La mano dell’editore aveva aumentato la velocità, mentre la procace mogliettina aveva il ben più modesto cazzo del marito in bocca e lo succhiava guardando la scena, muovendo il bacino avanti e indietro sopra la mano del coniuge. Per un istante, tutti avevano pensato che Emma ce l’avrebbe fatta. Invece aveva avuto un sussulto, s’era tirata via e piegata in due a vomitare. Francesca era stata veloce a tirarsi su il vestito e accovacciarsi di scatto, finendo di pisciare sul pavimento e guardandola scossa dai conati: «Peccato» le aveva detto, poi s’era rialzata ed era passata oltre con la sua camminata da sfilata. Aveva raggiunto l’editore, aveva allargato le gambe e gli aveva sfilato di mano l’arnese.

«Che onore» aveva detto lui.

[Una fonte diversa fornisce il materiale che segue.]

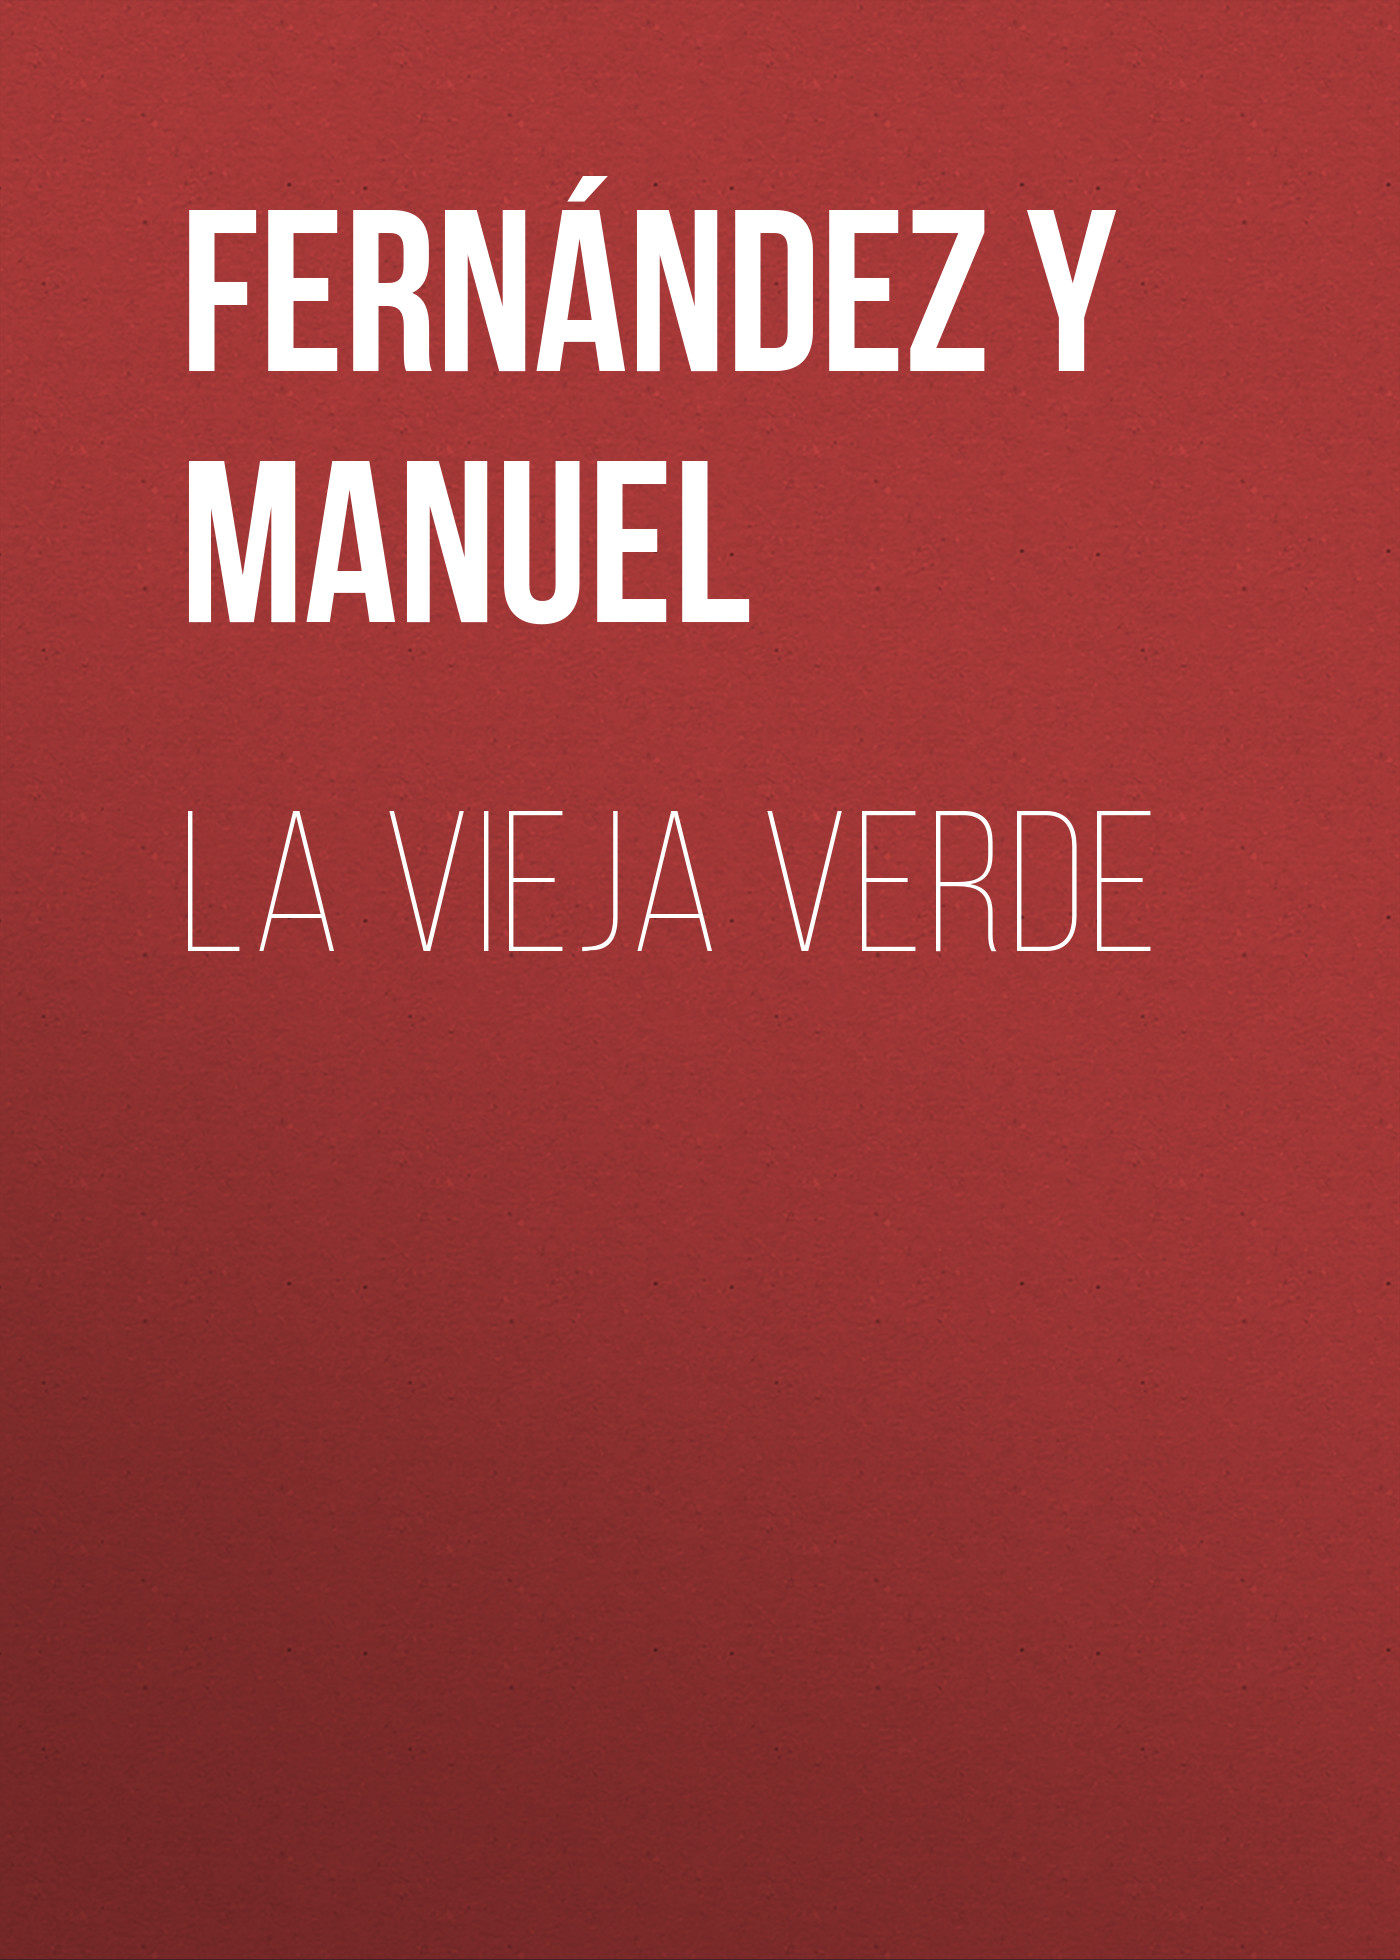 Книга La vieja verde из серии , созданная Manuel Fernández y González, может относится к жанру Зарубежная старинная литература, Зарубежная классика. Стоимость электронной книги La vieja verde с идентификатором 24728913 составляет 0 руб.

Lei non l’aveva nemmeno guardato in faccia.

Se l’era appoggiato sulla fica bagnata, poi l’aveva fatto scivolare dentro e le era mancato il fiato. Era scesa piano su quel mostro che pareva non finire mai e arrivarle nell’esofago. Arrivata in fondo s’era fermata un attimo a prendere fiato, poi s’era voltata a guardare Emma, ancora sul pavimento, e aveva iniziato a muoversi e gemere. L’editore aveva provato a dire qualcosa, ma Francesca gli aveva tappato la bocca, sempre voltata verso la ragazzina, con gli occhi che le brillavano di gioia sadica.

Persino il giornalista e la moglie s’erano messi a scopare sul serio, con lei a pecora e la faccia coperta dai cuscini per la vergogna, lui che la stantuffava rabbioso, schiaffeggiandole il culo. Emma si era alzata e si era guardata attorno con gli occhi arrossati e gonfi di lacrime, come se fosse una reduce da una battaglia. Alla fine aveva guardato me cercando del conforto, immagino, senza sapere che tutti, in quella terrazza, eravamo corrotti fino al midollo. La guardavo e continuavo a masturbarmi senza sapere cosa mi eccitasse, se la scena che avevo visto, se la sua miseria, se la sua ingenuità spezzata, o solo la vista della fica di Francesca aperta in due.

Forse mi eccitava che lì, in quel momento, eravamo solo porci sadici e decadenti.